Bu çalışmada, trigonometrik kayma deformasyonlu kiriş teorisine göre fonksiyonel derecelendirilmiş gözenekli kirişlerin (FDGB) sonlu elemanlar yöntemiyle statik analizi incelenmiştir. Sonlu eleman yöntemi için üç düğüm noktalı 12 serbestlik dereceli yüksek mertebe sonlu kiriş elemanı önerilmiştir. Denge denklemleri Lagrange prensibi kullanılarak elde edilmiştir. Kiriş bileşenlerinin hacim içerisindeki değişimleri, bir kuvvet fonksiyonu ile tanımlanmıştır. Kirişin çeşitli mesnet şartlarına, hacimsel değişim üsteline (k), gözeneklilik katsayısına (e) ve narinlik oranlarına (L/h) göre boyutsuz yer değiştirme değerleri, boyutsuz normal ve kayma gerilme değerleri elde edilmiştir. Önerilen yüksek mertebe sonlu kiriş elemanının doğruluğu araştırılmıştır. Sayısal sonuçlar literatürdeki mevcut çalışmaların sonuçları ile karşılaştırılmış ve son derece uyumlu oldukları görülmüştür.

Keywords

Fonksiyonel Derecelendirilmiş Gözenekli Kiriş, Sonlu Eleman Yöntemi, Statik Analiz.

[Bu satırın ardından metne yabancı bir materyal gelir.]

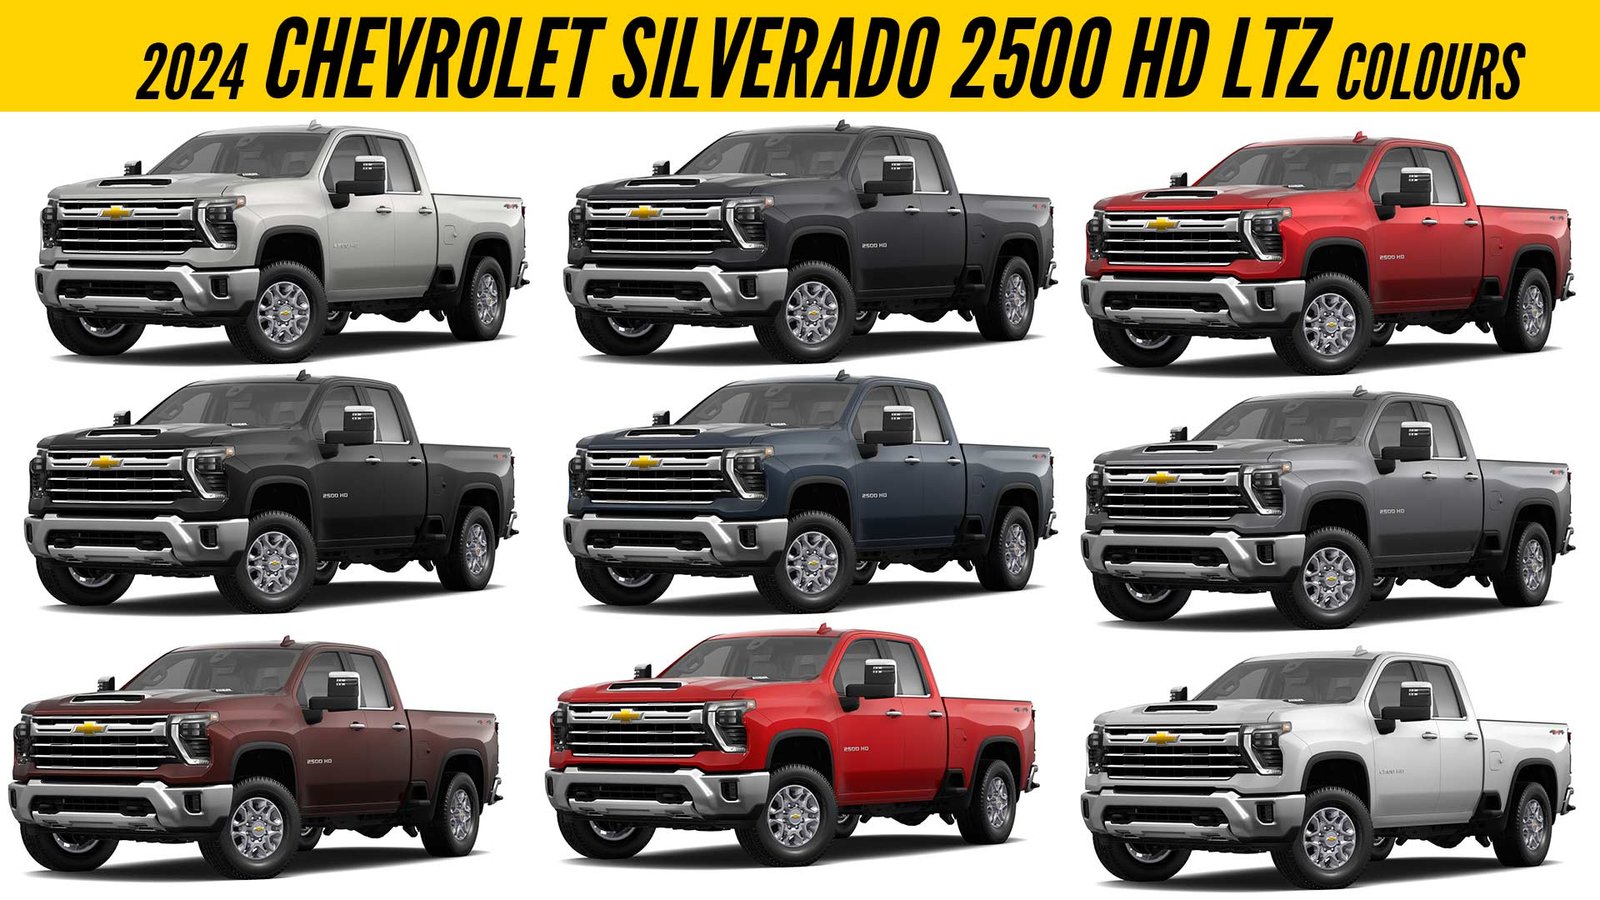 2024 Chevy Silverado 2500hd Colors Andree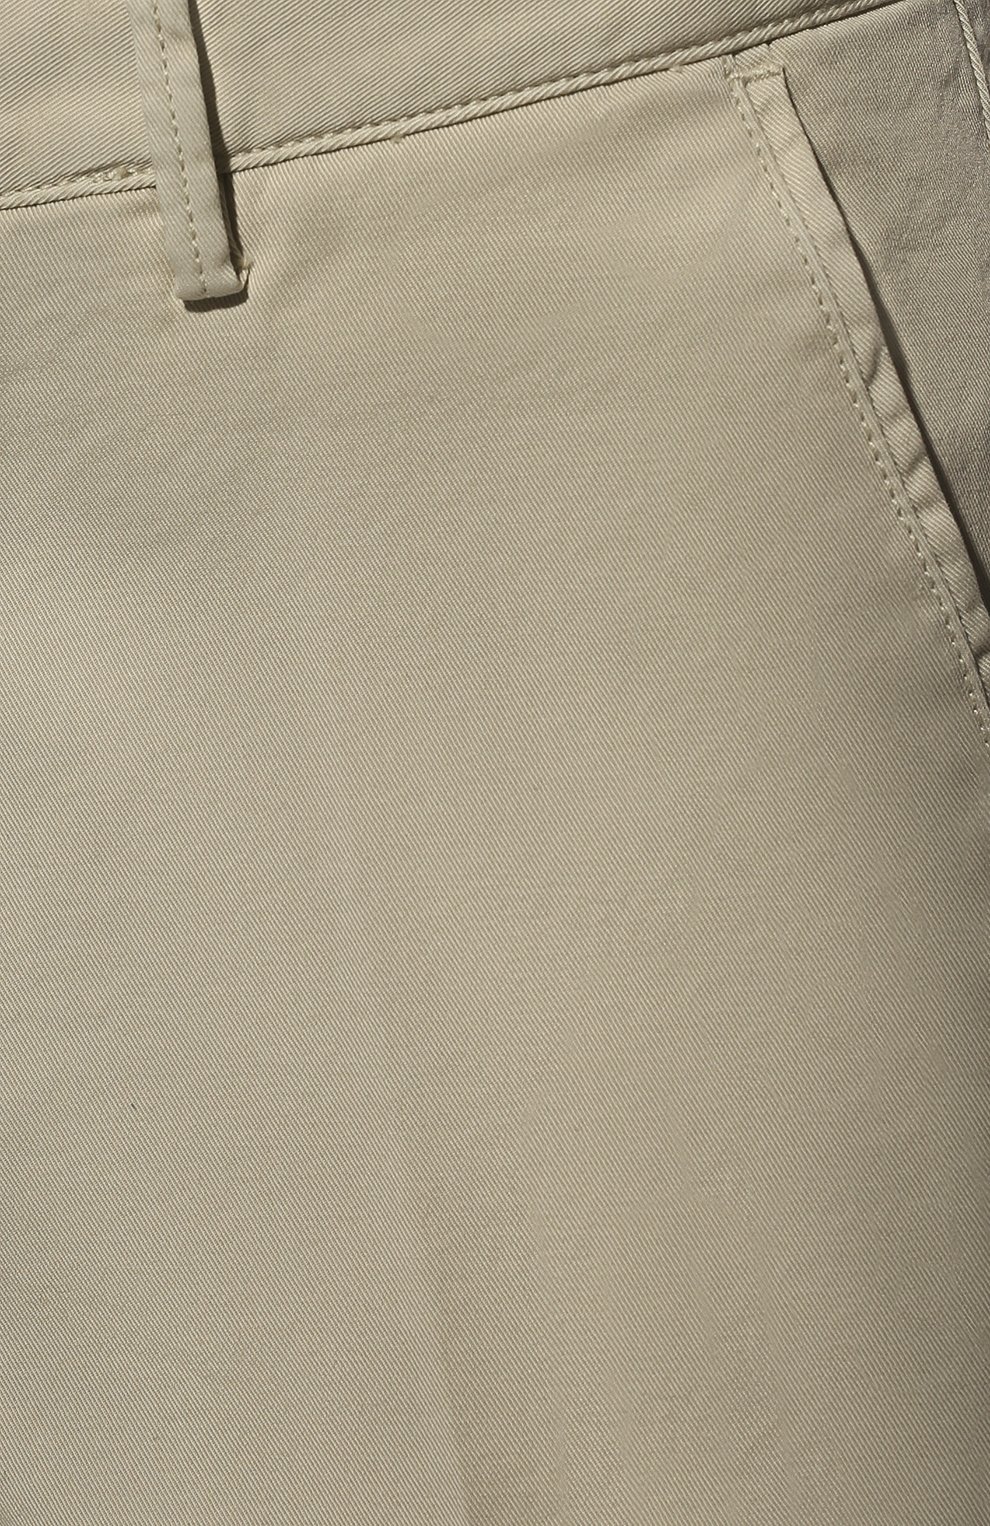 Мужские хлопковые шорты BOSS бежевого цвета, арт. 50406679 | Фото 5 (Длина Шорты М: До колена; Принт: Без принта; Материал внешний: Хлопок; Случай: Формальный; Стили: Кэжуэл)

STATIC ANALYSIS OF FUNCTIONALLY GRADED POROUS BEAMS WITH FINITE ELEMENT METHOD

Abstract

In this study, the static analysis of functionally graded porous beams (FDGB) using the finite element method according to the trigonometric shear deformation beam theory was investigated. A high-order finite beam element with three nodes and 12 degrees of freedom is proposed for the finite element method. The governing equations are obtained using Lagrange's principle. The variation of the beam components in the volume is defined by a power-law rule. Dimensionless deflection values and dimensionless normal and shear stress values were obtained according to various boundary conditions, power-law exponent (k), porosity coefficient (e), and slenderness ratio (L/h) of the beam. The accuracy of the proposed higher-order beam element has been investigated. Numerical results are compared with the available literature, and a good agreement has been shown between the results.

Keywords

Functionally graded porous beam, Finite element method, Static analysis.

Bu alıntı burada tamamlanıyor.